Golden October held out through the 31st, and Dreary November jumped in to take its place on the first, just like clockwork. German weather is just as punctual as German people.
I overdid it carrying the groceries (I lugged 6 or 7 canvas bags—some hanging from my shoulders, some carried by the handles—in one go from the car to our third-floor apartment), so now I have a pinched nerve or strained muscles or something in my right shoulder up into my neck. I look like I’m doing a wicked impersonation of Frankenstein’s monster. Then when I went to give away some of my blood this morning to have my iron-levels checked, the phlebotomist (the good one) noticed the spot where I burned my arm last week on a cookie sheet coming out of the oven. It’s already kind of scabby, so it should be all pink and puckery in a few more days once the crust rubs off. I just need a big, gashing wound on my face now to top off the whole look.
With the neck and the blah weather, I haven’t really been able to make myself do anything productive, so then there’s the self-guilt thing...blah, blah, blah, boring-cakes.
But I am finally getting to the eye doctor this afternoon, so maybe I will have new contacts soon. These glasses have been a disaster from the beginning. I tried to save a little money by going to Pearle Vision (I think) instead of buying them from my optometrist, but with such a wonky prescription, I should have just stuck with the more expensive but better glasses at his office. Since I have a pretty bad astigmatism, I need some kind of special coating on the lenses, which is now peeling off the right lens. I have noticed that I see well up close only with my right eye and from afar only with the left, so I’m thinking my prescription might need some tweaking.

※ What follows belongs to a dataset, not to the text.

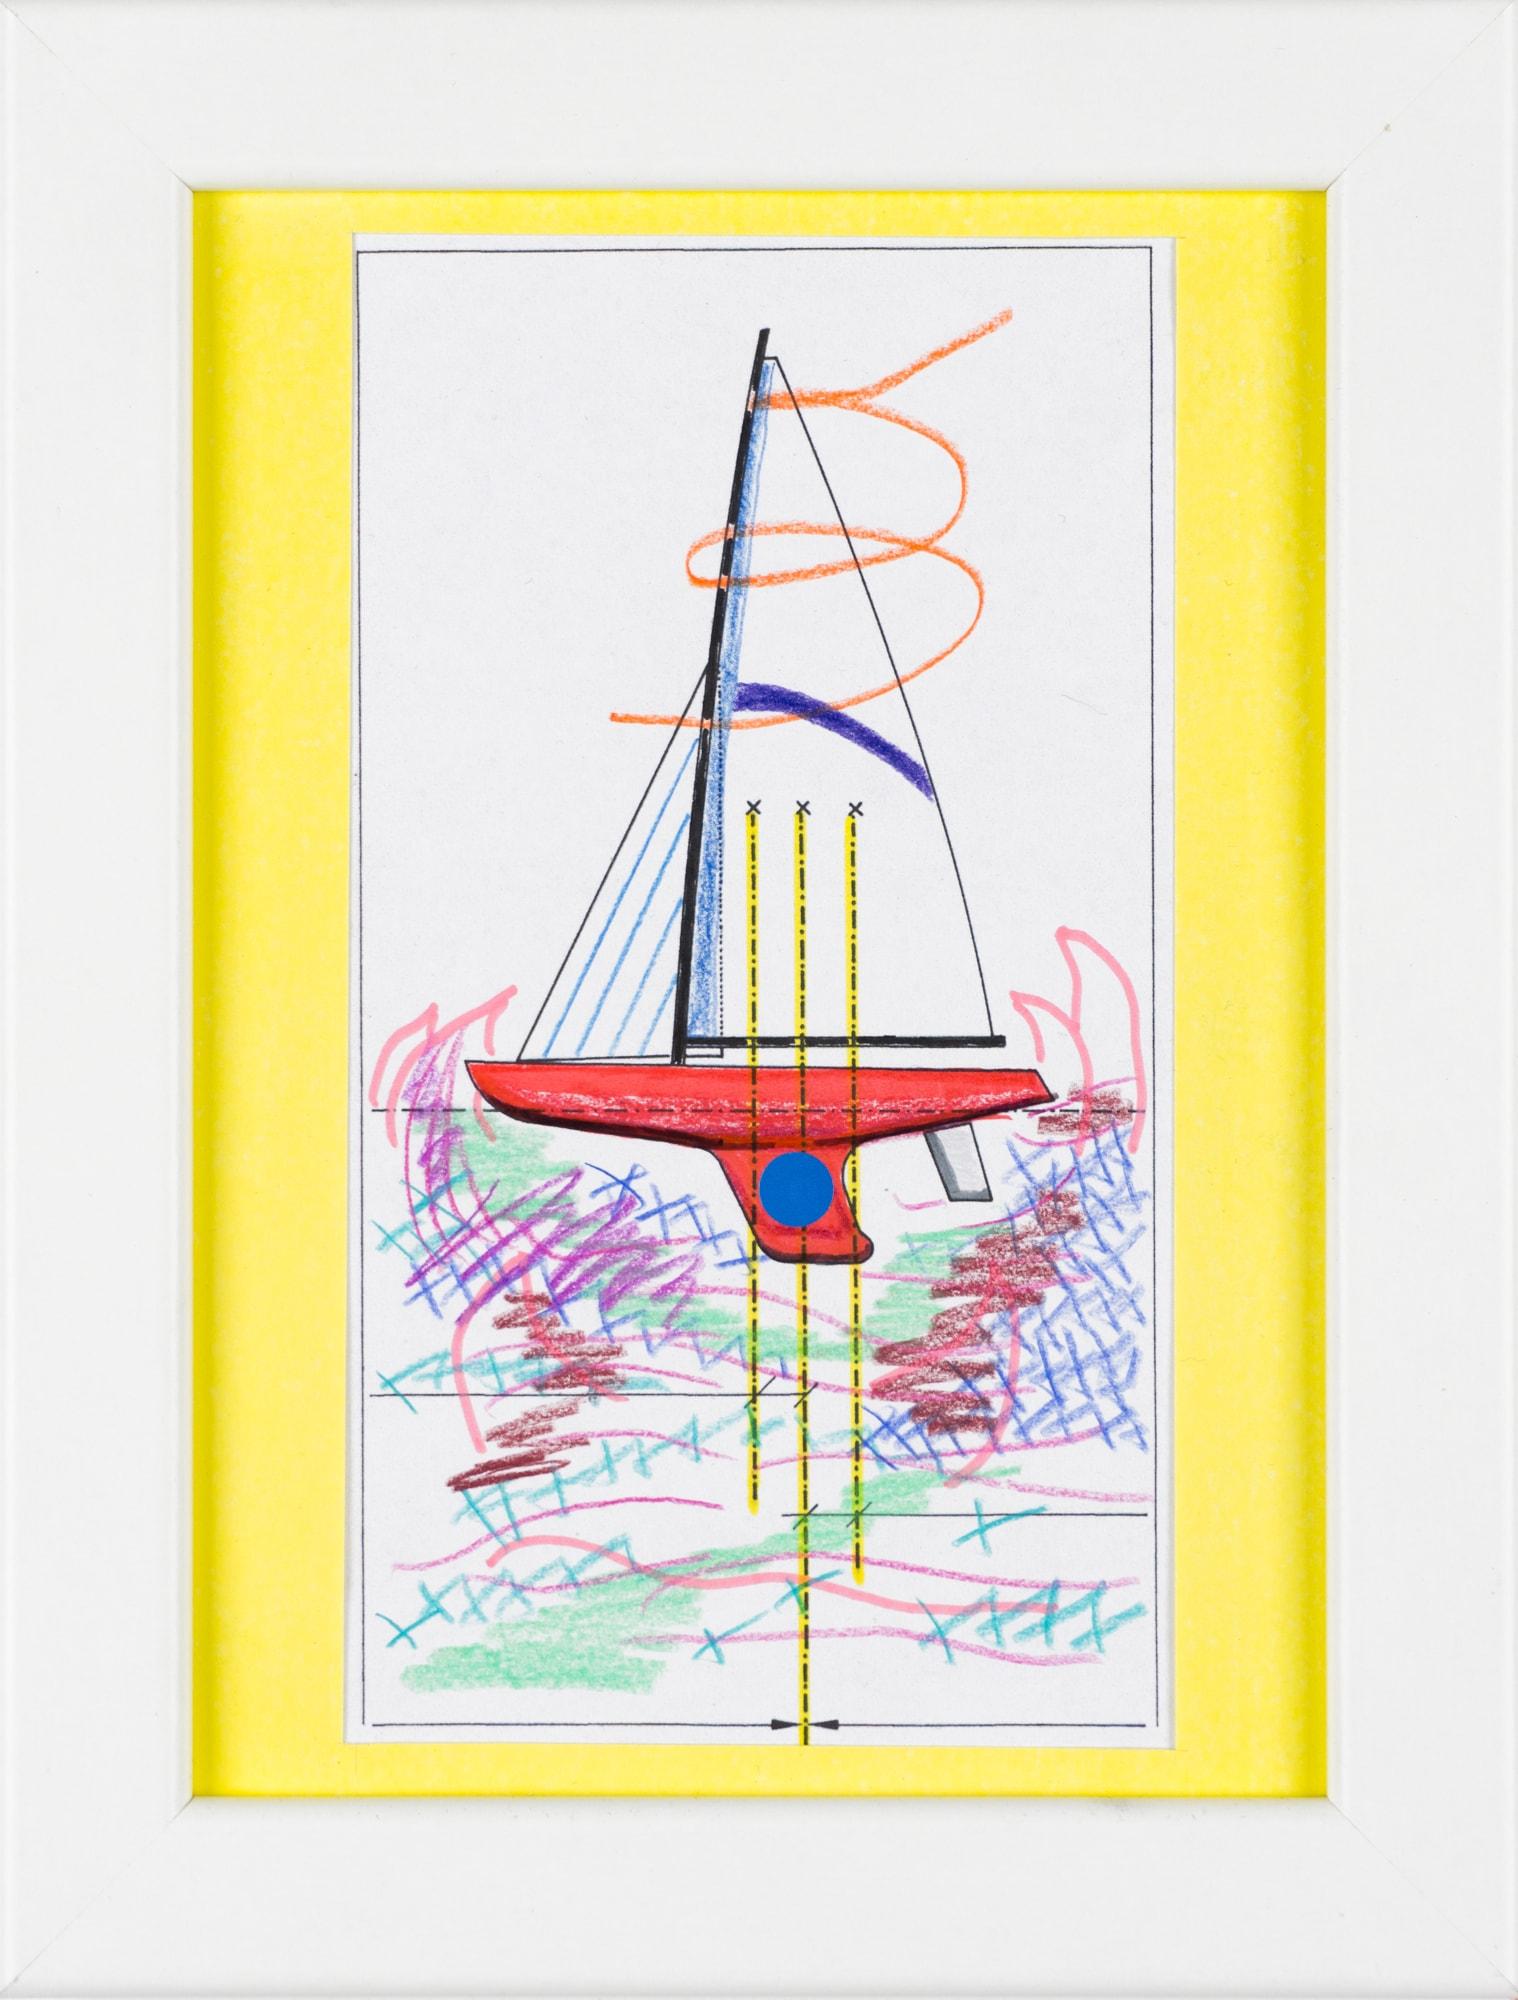 Übermalung und Mischtechnik auf Papier, 8,8x16cm, Originalgrafik zum gleichnamigen Booklet, Künstlerin: Franziska King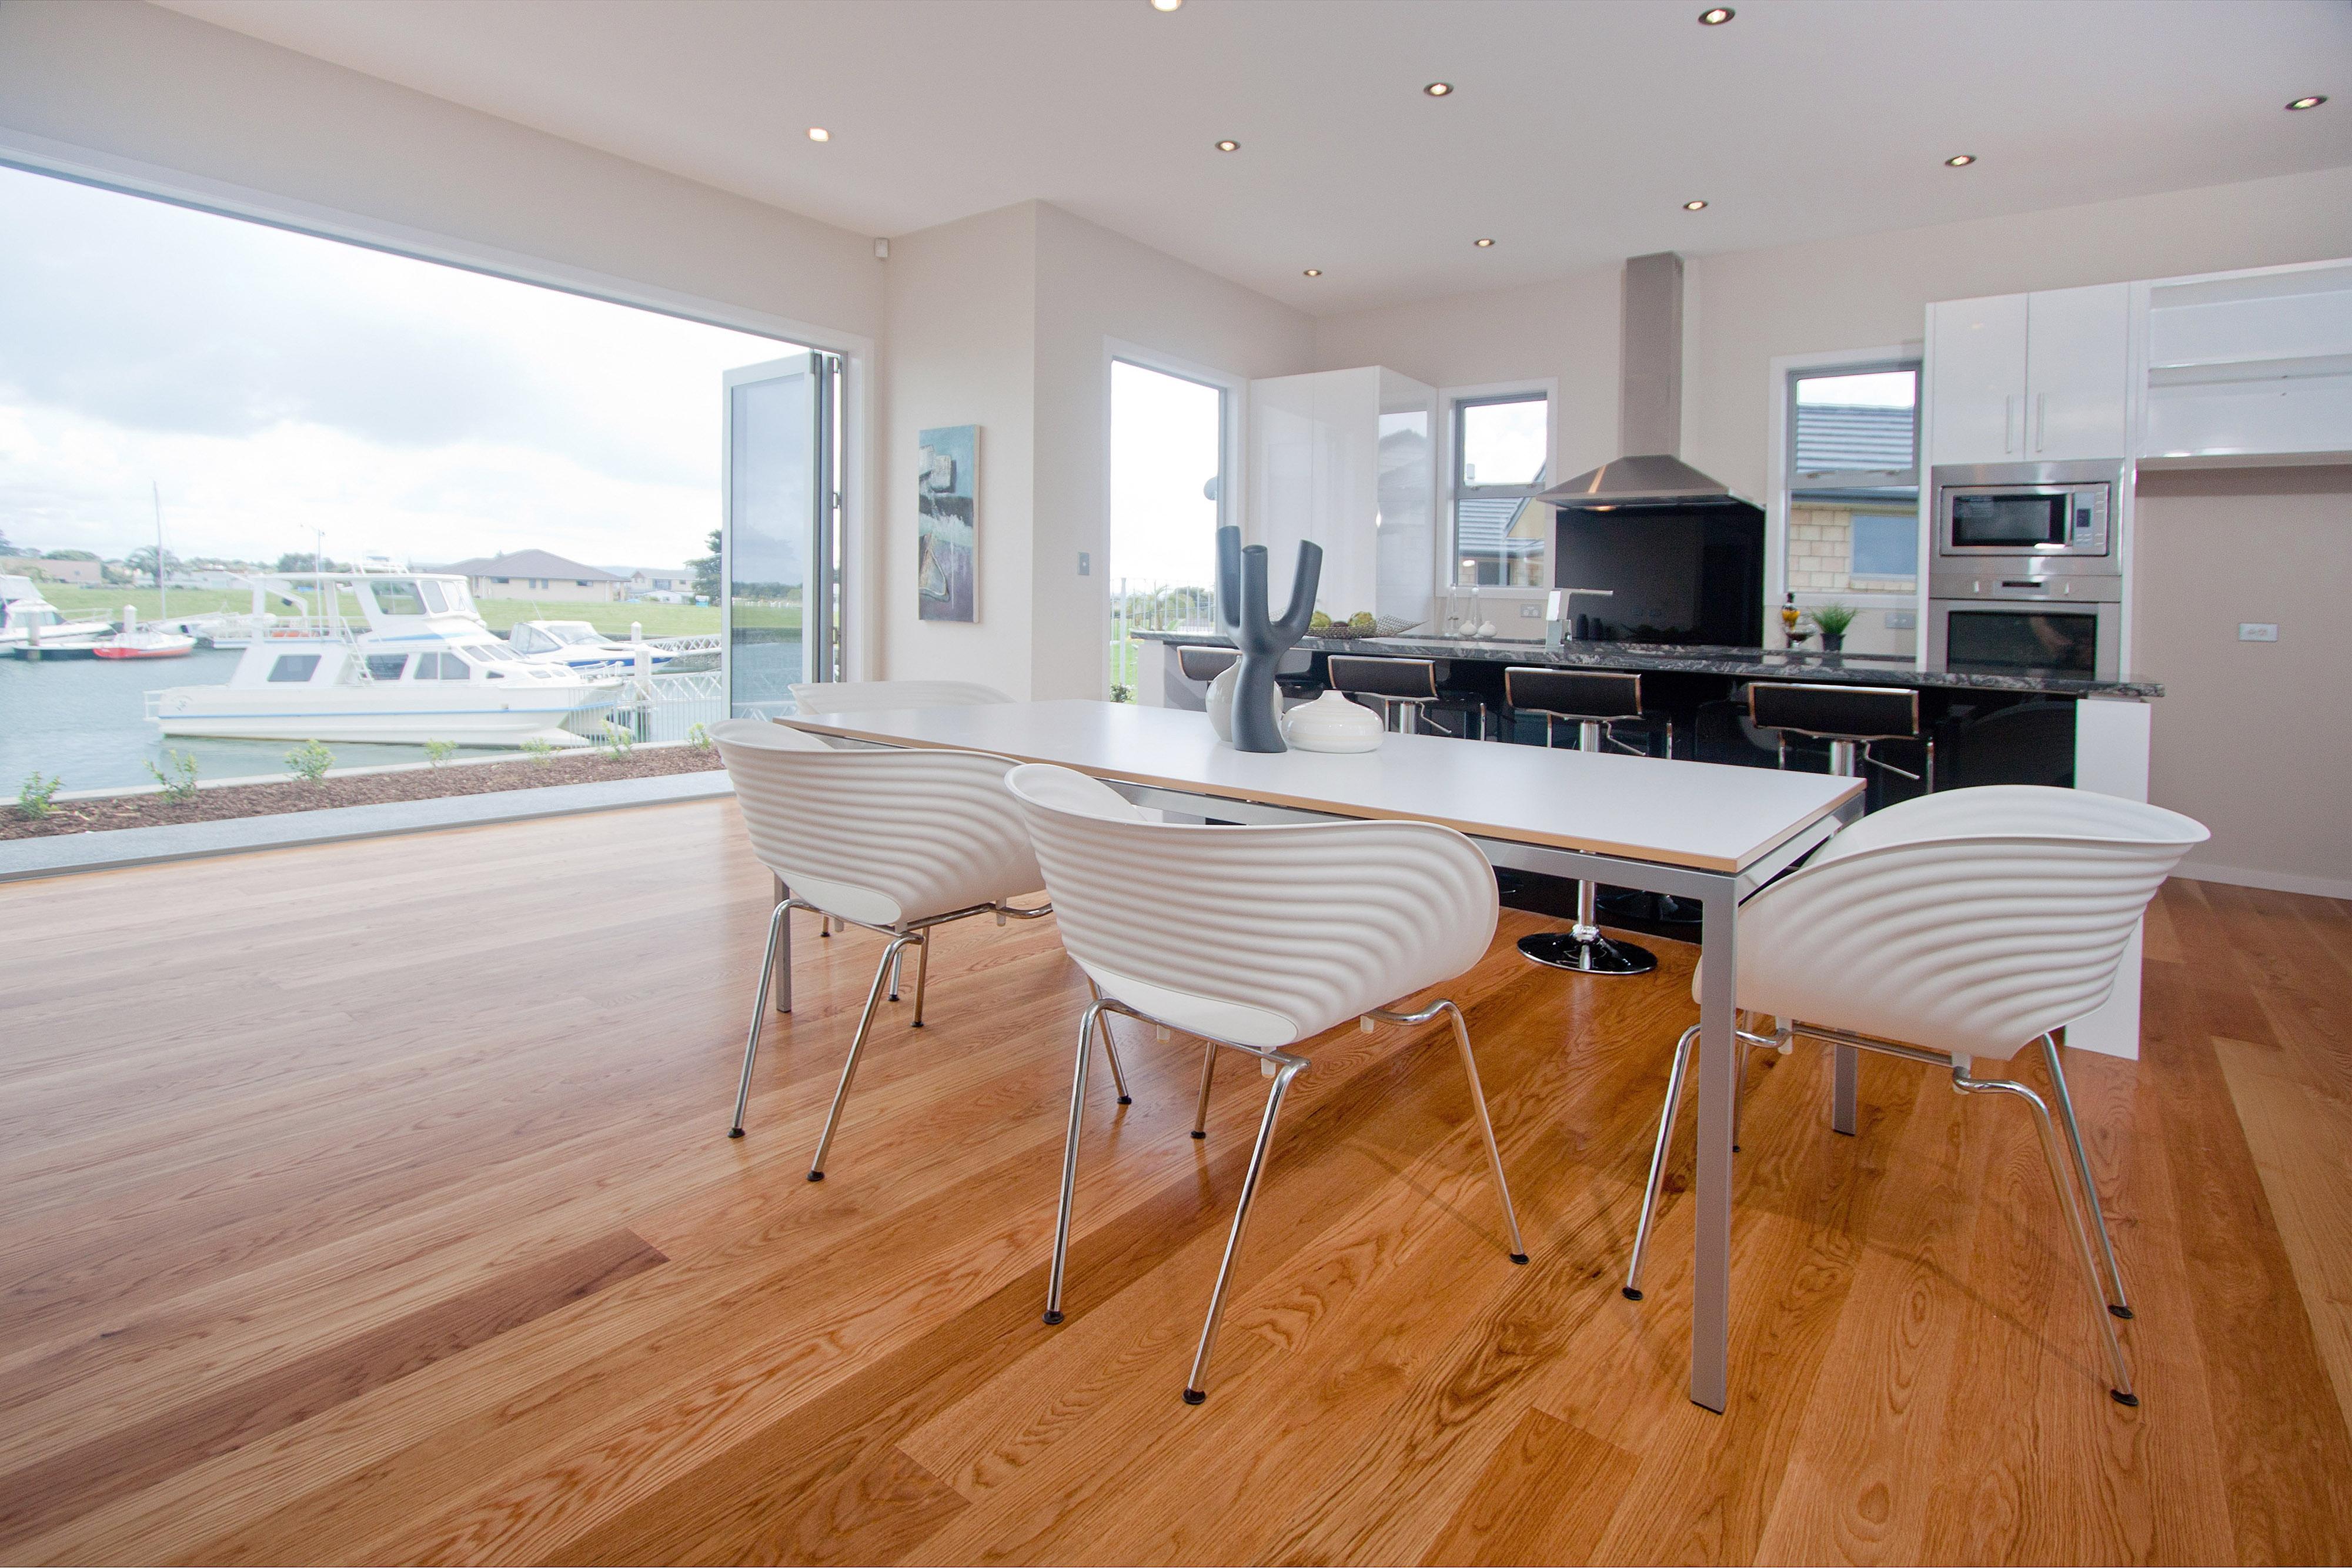 New Hard wood floor

What else? Oh, yeah...what is up with furry boots this year? Even when it was still warm, say in early October, I saw a woman wearing a sundress and boots with fur trim and two little dangly, furry balls. Now they are in all the shops, and everyone is wearing them. Ick. And then I saw a purse that is cylindrical and covered in fur. Fur that appears to have been taken from a vomit-covered ocelot. Yes, it appears that I am still violently opposed to fur (even fake fur) as an accessory.